Renegotiating NAFTA?

The arrival of US President Donald Trump on the international stage, backed by an army of trade negotiators, has raised the alarm among Canadians, and with good reason.

More than half a million workers lost their jobs in manufacturing and secondary industry after Canada signed onto NAFTA in 1994. Real wages and living standards fell, as good jobs were replaced by part-time, temporary, and precarious work. As permanent employment disappeared, many unemployed workers were driven to accept to low wages and multiple jobs.

The Canadian economy was undermined by the elimination of whole sections of work, including textiles, clothing and footwear, furniture and appliances, farm equipment, and big reductions in forestry, and in the steel and auto sectors.

In Quebec the auto assembly and parts have virtually disappeared, while in Ontario, tens of thousands of jobs have disappeared in the parts sector, and some in assembly with plant closures in Oshawa, Windsor, St. Thomas and St. Catharines. Auto is the beating heart of the Canadian economy, which Donald Trump could be aiming to take out in his drive to “make America great again” – at the expense of Canadian and Mexican workers.

Some think that renegotiating NAFTA would improve Canada’s position in the continental, or even global trade hierarchy. But that conclusion would be faulty, and dangerous. Why? Because there is nothing good about NAFTA, and there never was. It was a corporate deal, foisted onto Canadian workers with the help of the ever-ready Brian Mulroney, for the benefit of the largest Canadian and US based transnational corporations and their drive to increase profits at any cost.
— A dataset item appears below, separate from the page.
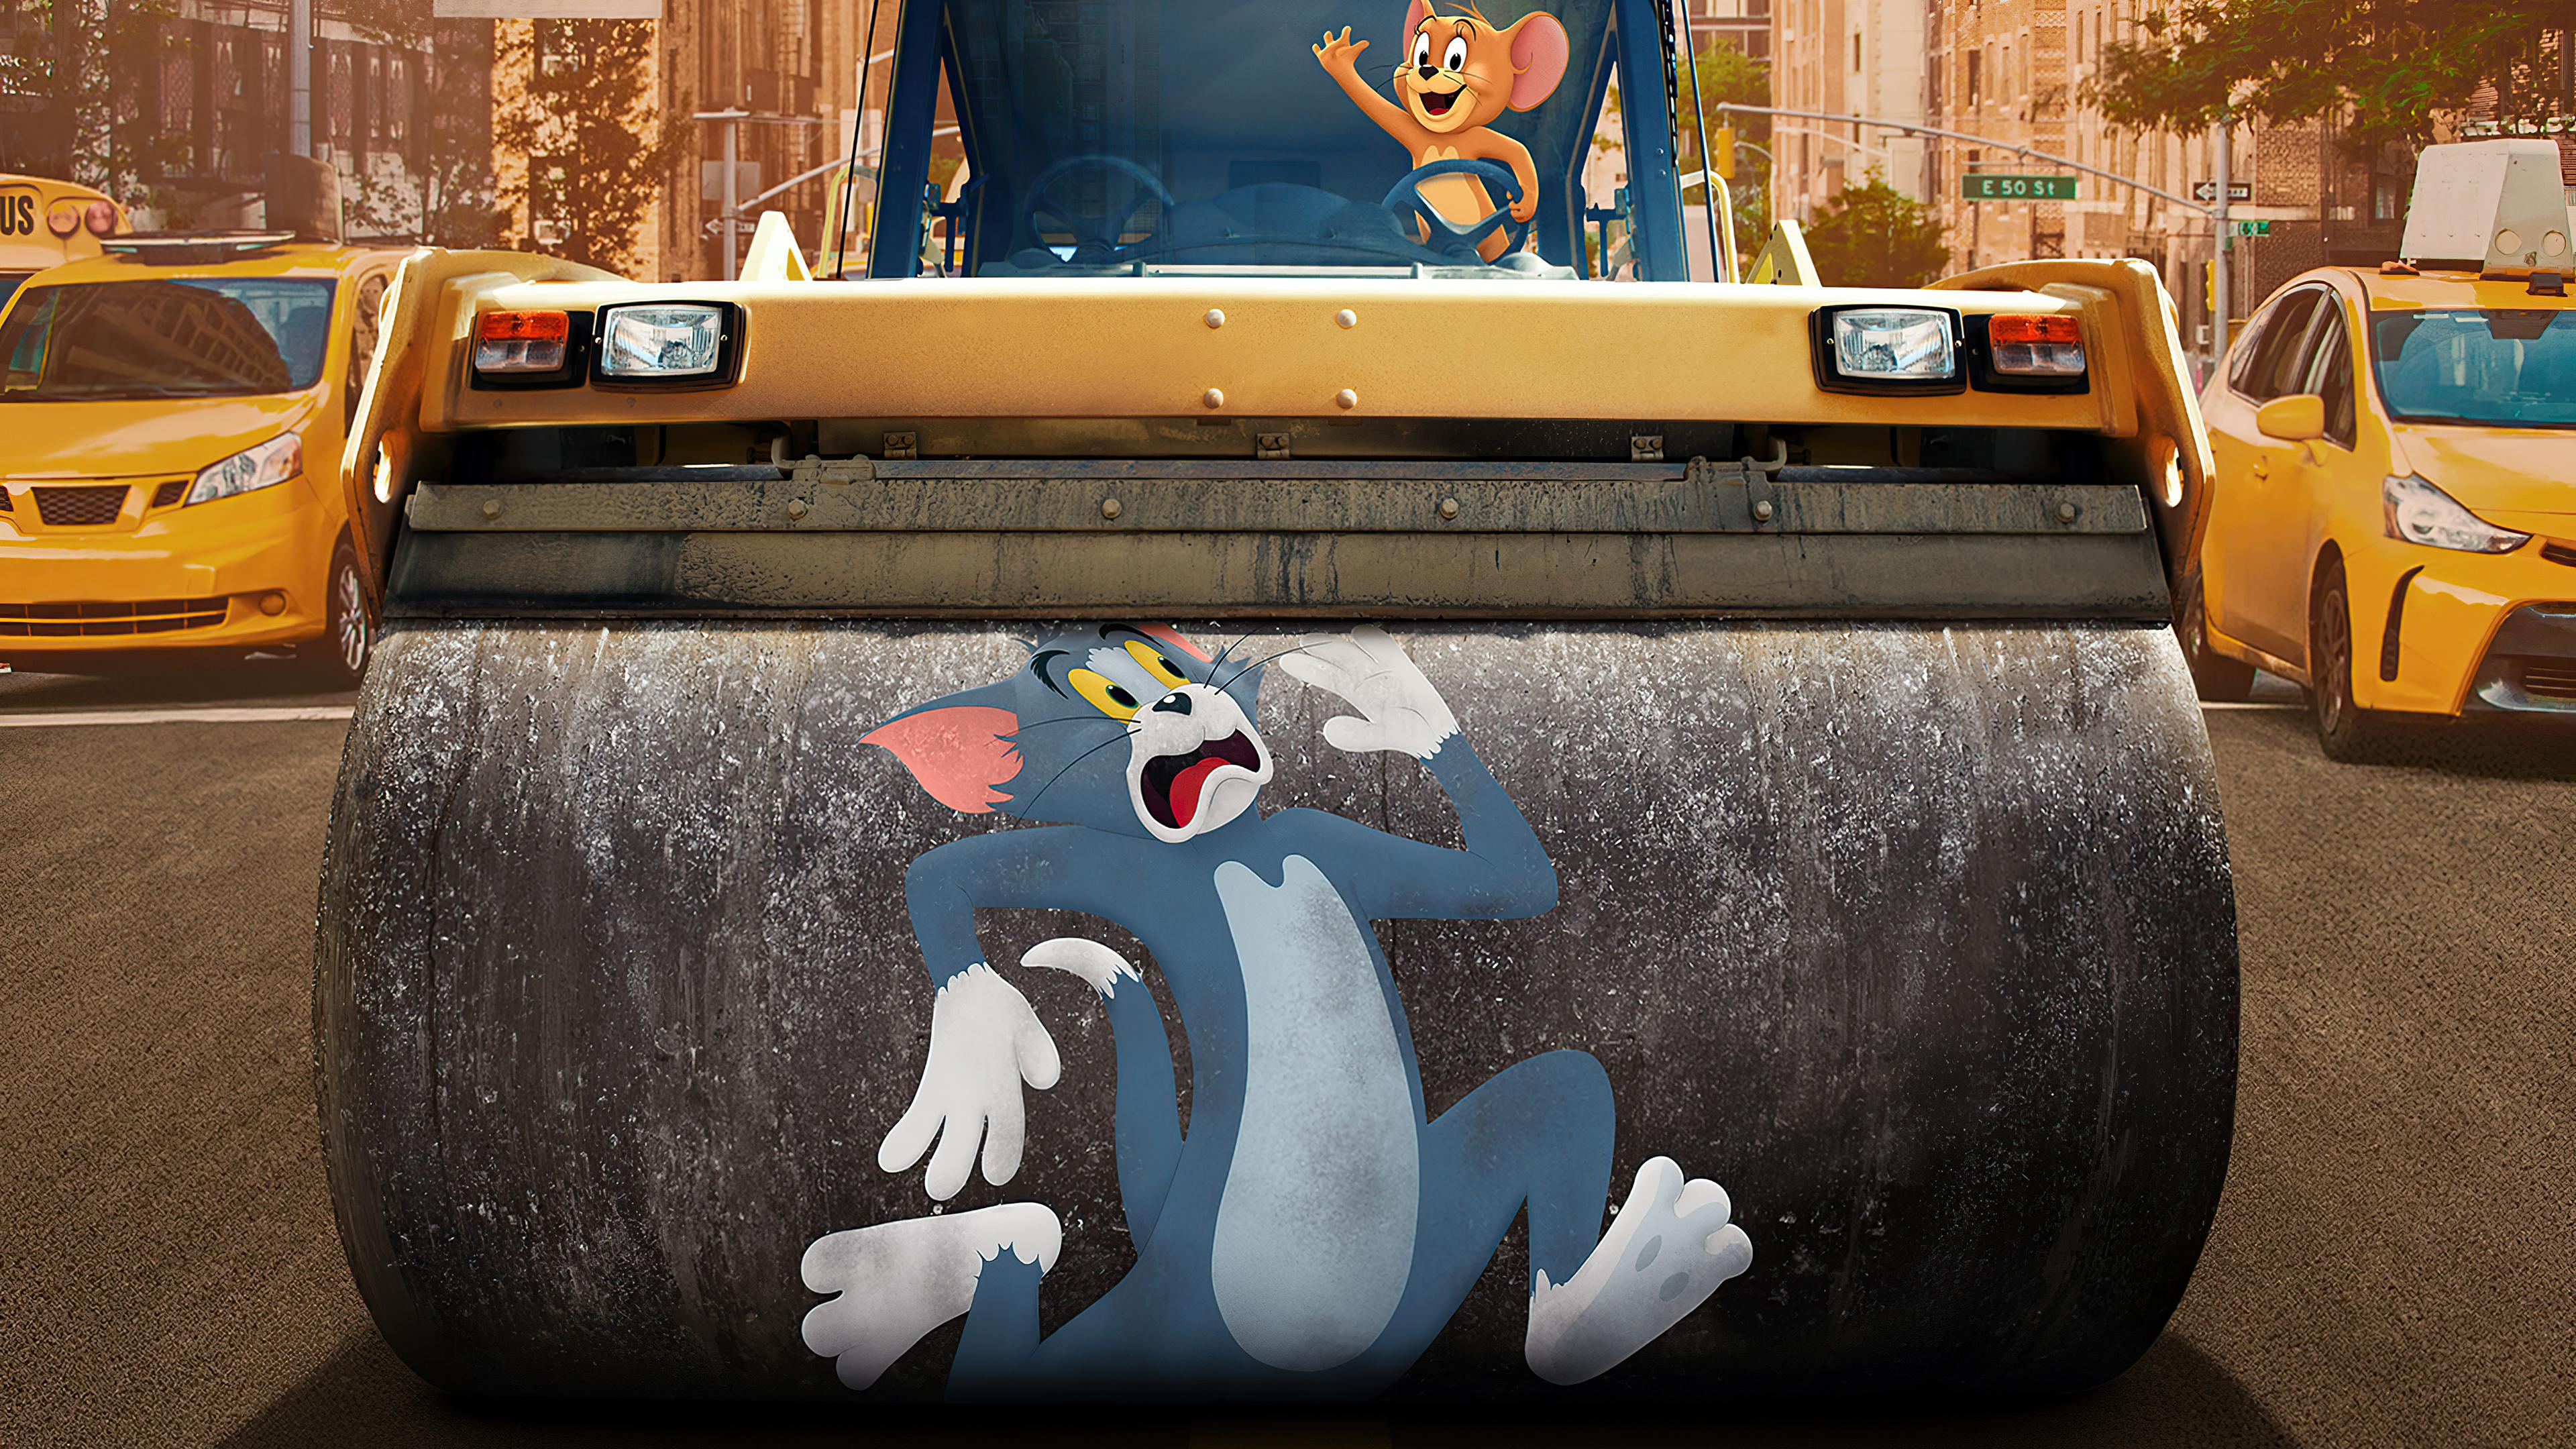 2021 tom and jerry 4k 1615195144 - 2021 Tom And Jerry 4k - 2021 Tom And Jerry 4k wallpapers

NAFTA took down borders and regulations that stood in their way, undermined national sovereignty and independence, and helped prepare publicly owned assets and services for privatization or reincarnation as P3s.

NAFTA contained the first Investor State Dispute Settlement mechanism in its Chapter 11, which allowed corporations to sue governments over loss of existing and future profits. As a direct consequence, Canada is the most sued country in the world, losing every dispute to the US, and paying millions in fines.

NAFTA helped to secure massive corporate tax cuts over two decades, and put significant obstacles in the way of labour, civil and democratic rights.

NAFTA opened up communities to virtually unlimited access by multi-national corporations like US Steel (Hamilton), Caterpillar (London) and others. By giving capital “the run of the house” , NAFTA also provided the legal basis for great damage to the environment and to Indigenous communities. NAFTA was the mechanism for transforming Canada’s economy away from value added industry and manufacturing, towards resource extraction and exports, from energy resources and minerals to Great Lakes water.

In the early ‘90s, progressives knew that the deal posed a great threat to Canada. They knew that NAFTA should be rejected, that it could not be amended in any satisfactory way, that it was intended to serve corporate interests, not public or democratic interests, or the concerns of women or labour, or Indigenous Peoples, or environmentalists.

Yet efforts were made to force governments to build in protections for the environment, for Medicare, for Canadian culture, for workers. for Indigenous Peoples. But as we have seen, and as has been widely acknowledged, the safeguards added were weak and ineffective.

When Trump comes calling to renegotiate NAFTA, It will not be to help bolster Canada’s position. He will look for measures to strip Canada’s softwood lumber industry of any government supports, which the US asserts are subsidies, and to benefit the softwood lumber industry in the northwest USA.

Trump will come to re-open the Keystone XL pipeline deal, as the first of other pipelines still to come. He will advise us that climate change is a hoax, and that he will roll back Obama’s climate change commitments.

Trump will come calling to open up Medicare to for-profit healthcare corporations who see Canada as a huge new market for private healthcare insurance.

He will come calling to tell carmakers and investors about the right-to-work legislation and further tax cuts he plans to introduce, and the red tape he will strike down, alongside the new national infrastructure he will build to serve corporations and profit-making.

The only benefit to come from renegotiating NAFTA will go to the 1%, the owners of the biggest corporations in the world, operating in Canada, the US and Mexico.

Progressive people said NO in 1994, and we must say NO again. Fair trade, not free trade – means GET OUT OF NAFTA NOW!

Fair trade means mutually beneficial, and multi-lateral trade with all countries, and long-term credits to the developing countries and to the socialist countries. Fair trade also requires a foreign policy of peace and disarmament, investment in peaceful development, and civilian spending.